___ DATA ___

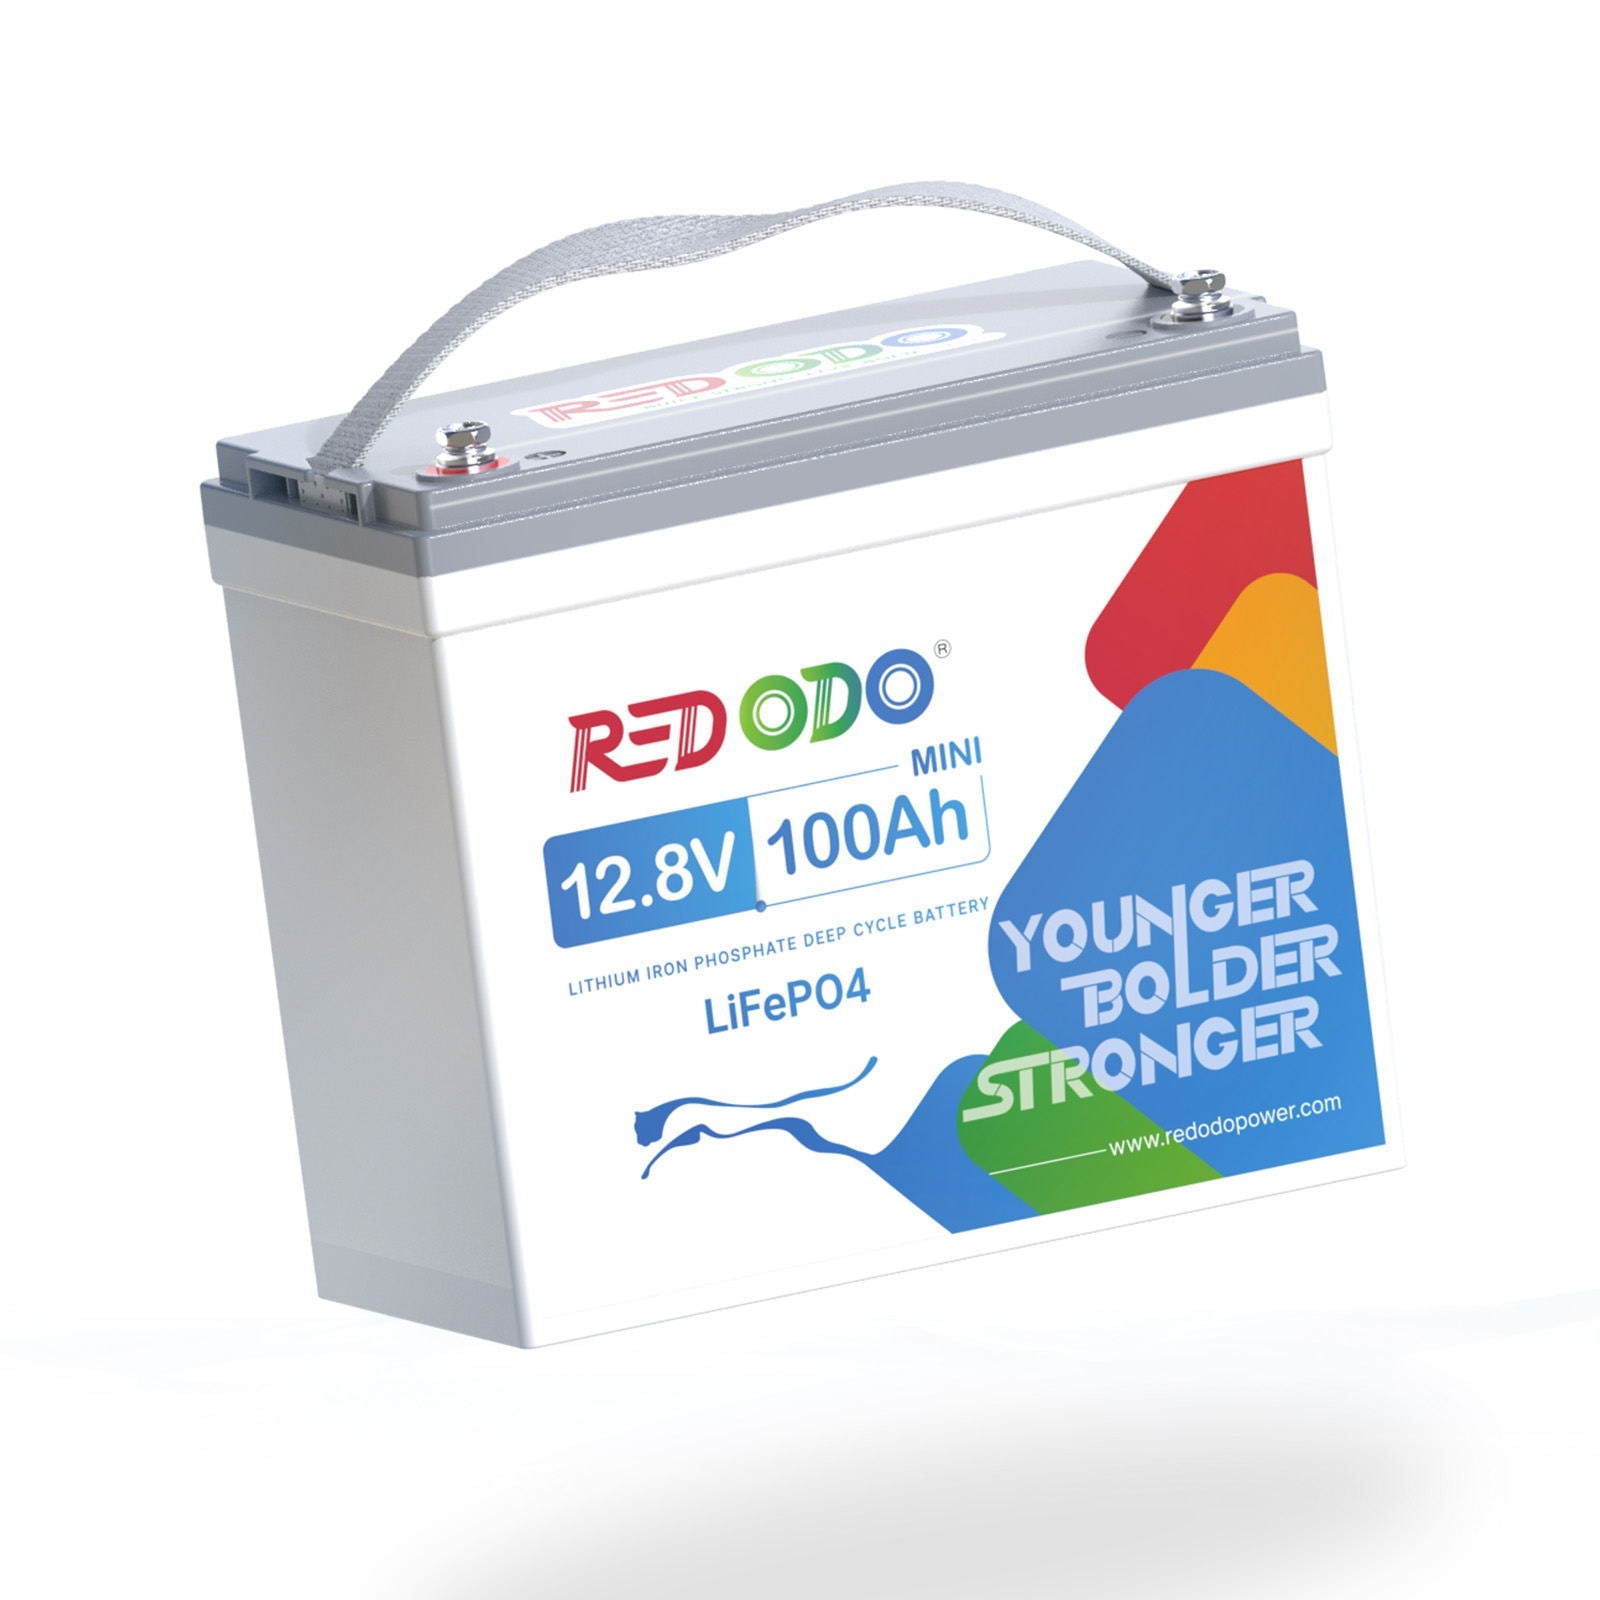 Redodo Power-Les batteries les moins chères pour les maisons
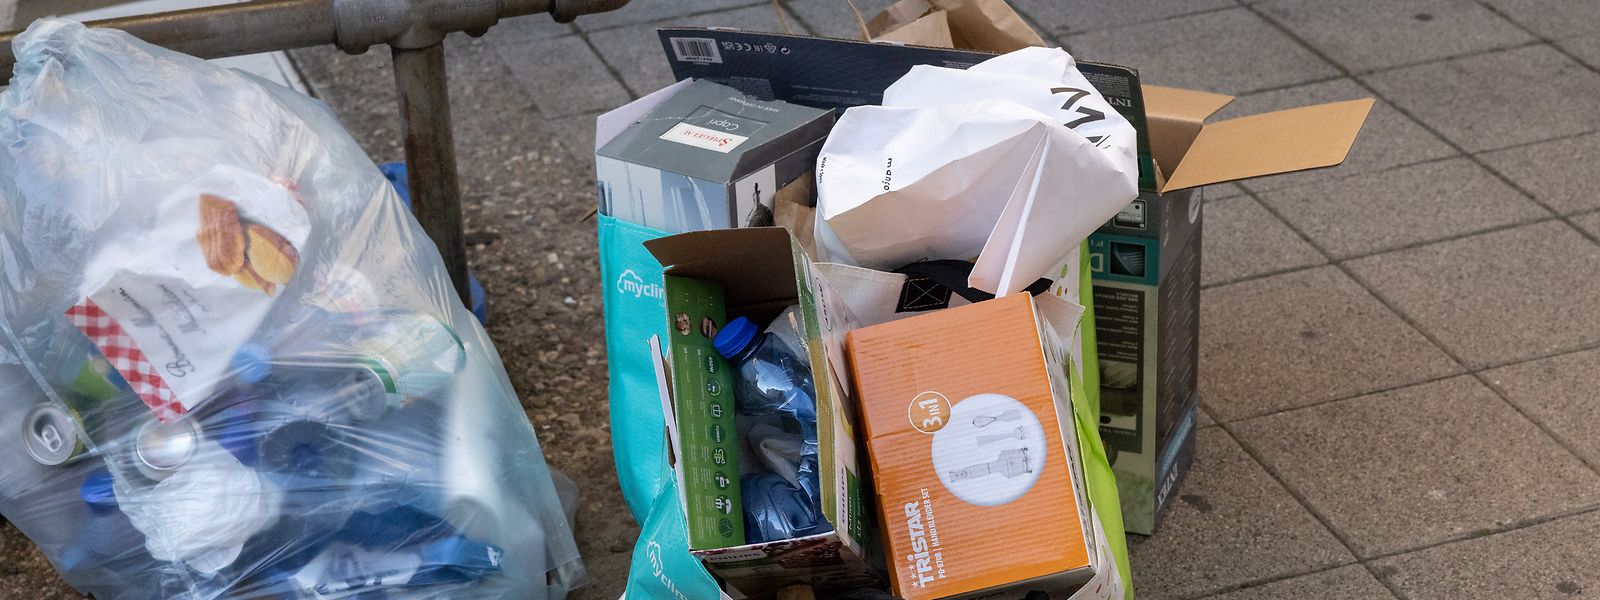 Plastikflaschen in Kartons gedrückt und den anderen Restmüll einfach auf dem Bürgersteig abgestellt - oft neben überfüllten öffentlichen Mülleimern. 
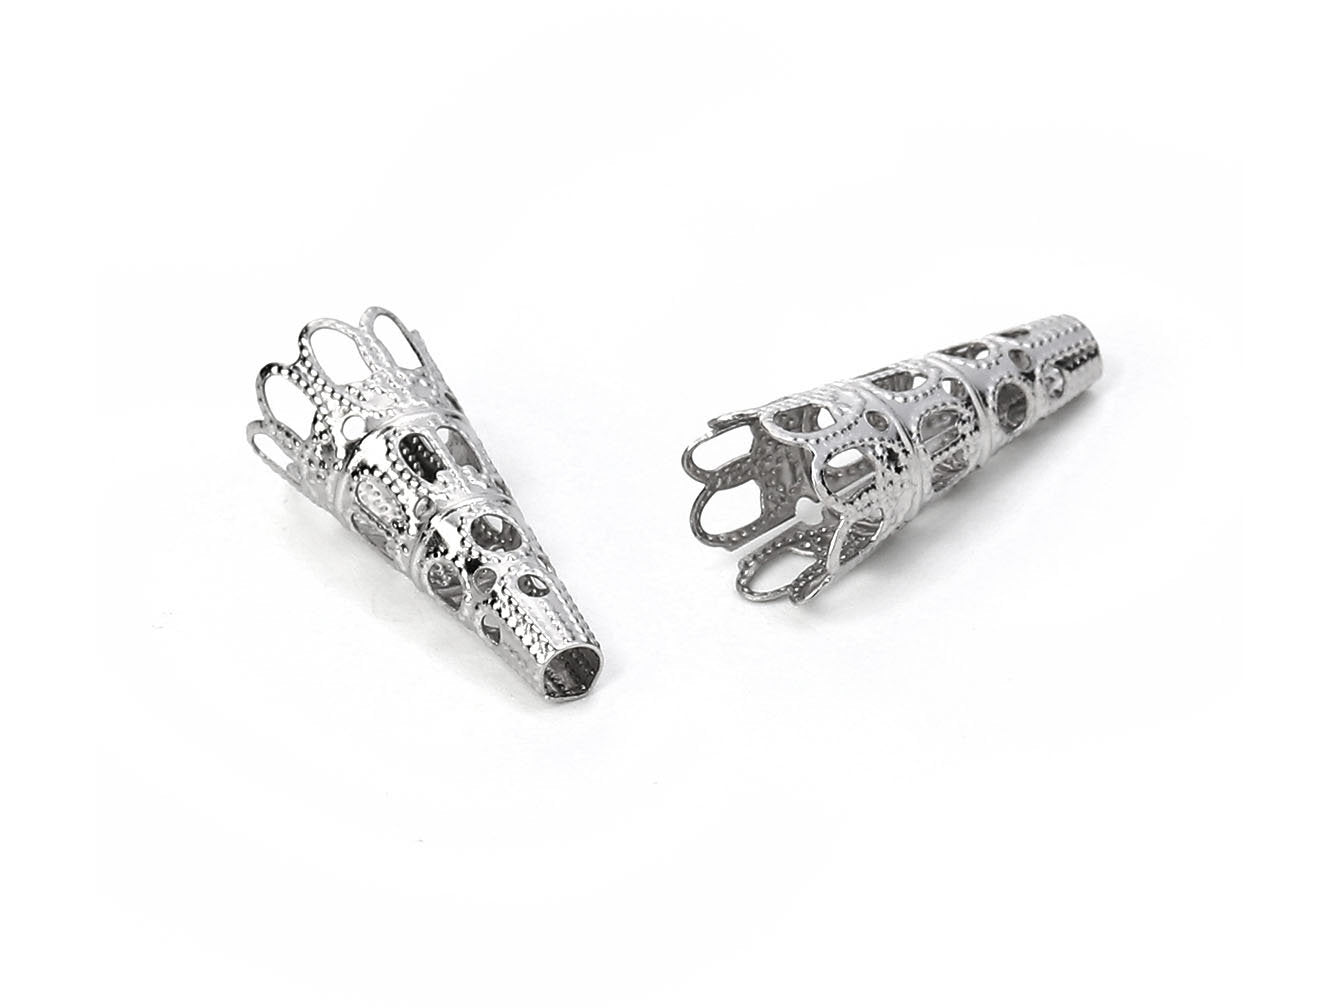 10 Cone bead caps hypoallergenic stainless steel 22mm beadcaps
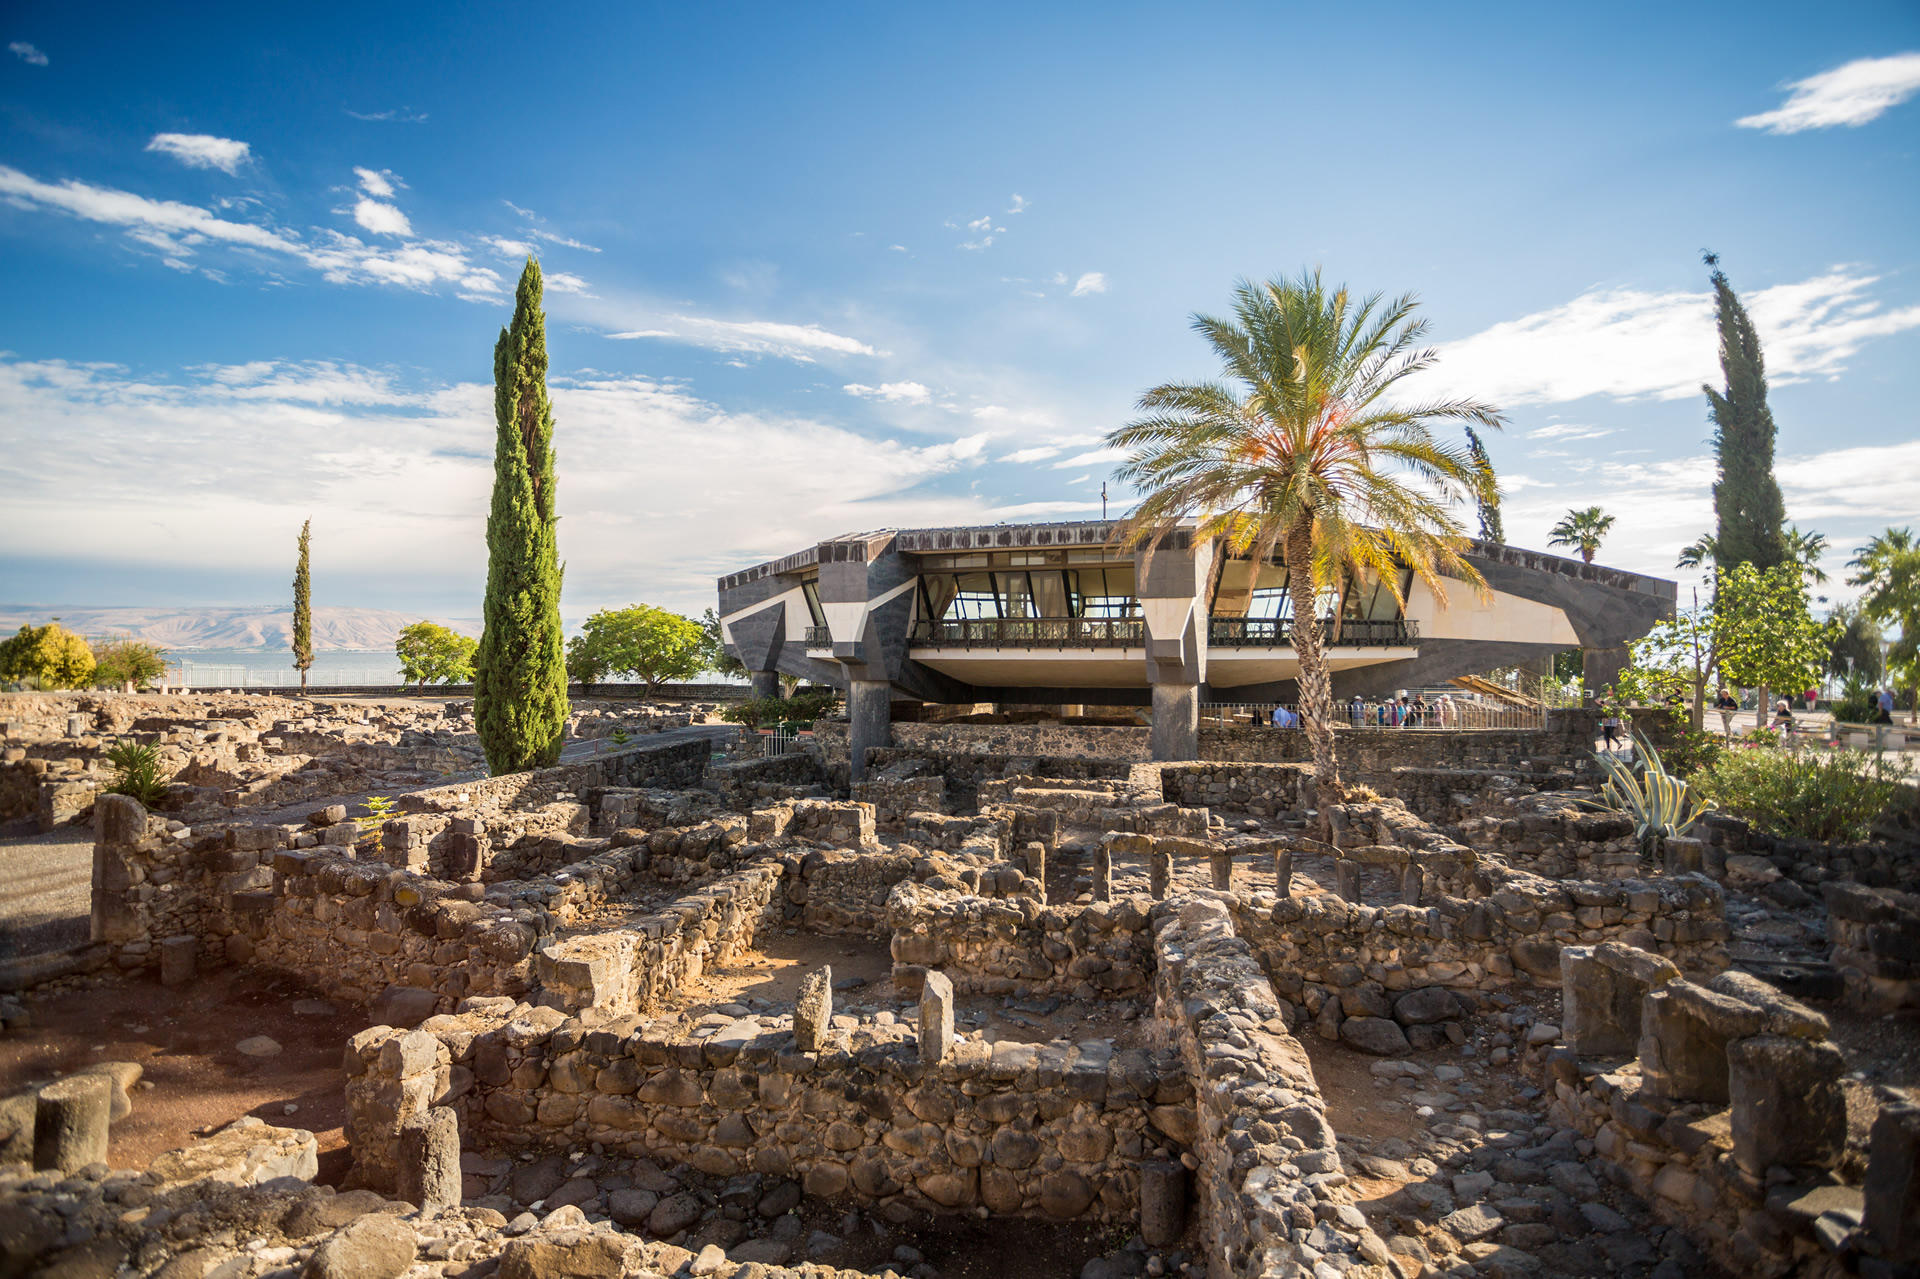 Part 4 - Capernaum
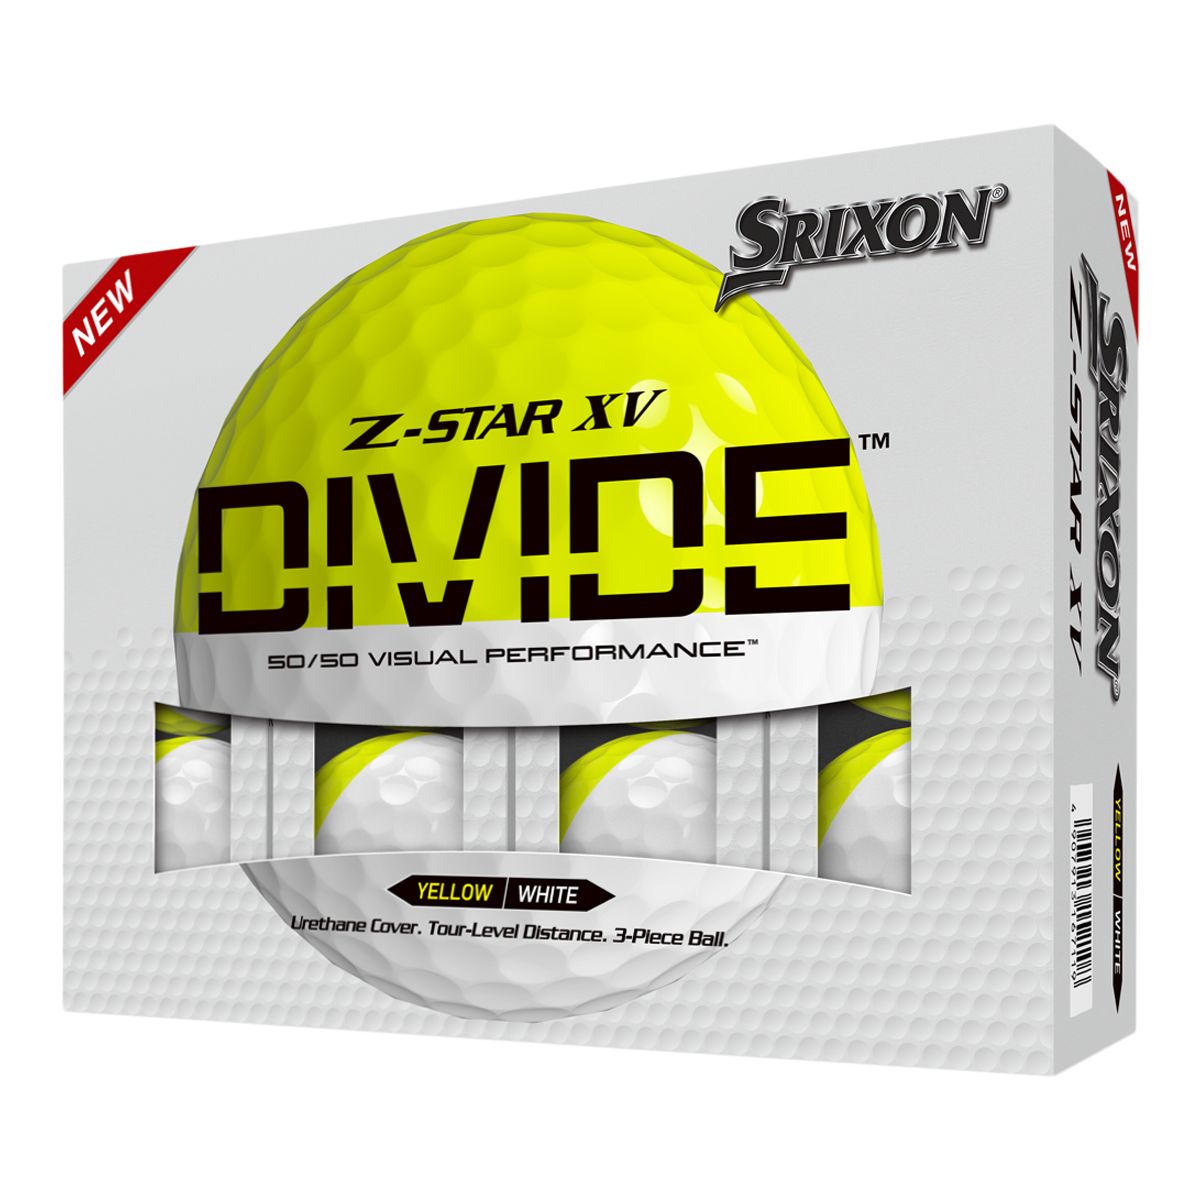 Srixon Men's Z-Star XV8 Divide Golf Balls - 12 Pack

___

PROBLEM REQUIREMENTS: Begin with the line that contains "Plastikflaschen in Kartons" and repeat every line through the end of the data, exactly and only those lines, leaving out the pictures.

RESULT OF THIS TASK:
 Plastikflaschen in Kartons gedrückt und den anderen Restmüll einfach auf dem Bürgersteig abgestellt - oft neben überfüllten öffentlichen Mülleimern. 
 10 Cone bead caps hypoallergenic stainless steel 22mm beadcaps
 Part 4 - Capernaum
 Srixon Men's Z-Star XV8 Divide Golf Balls - 12 Pack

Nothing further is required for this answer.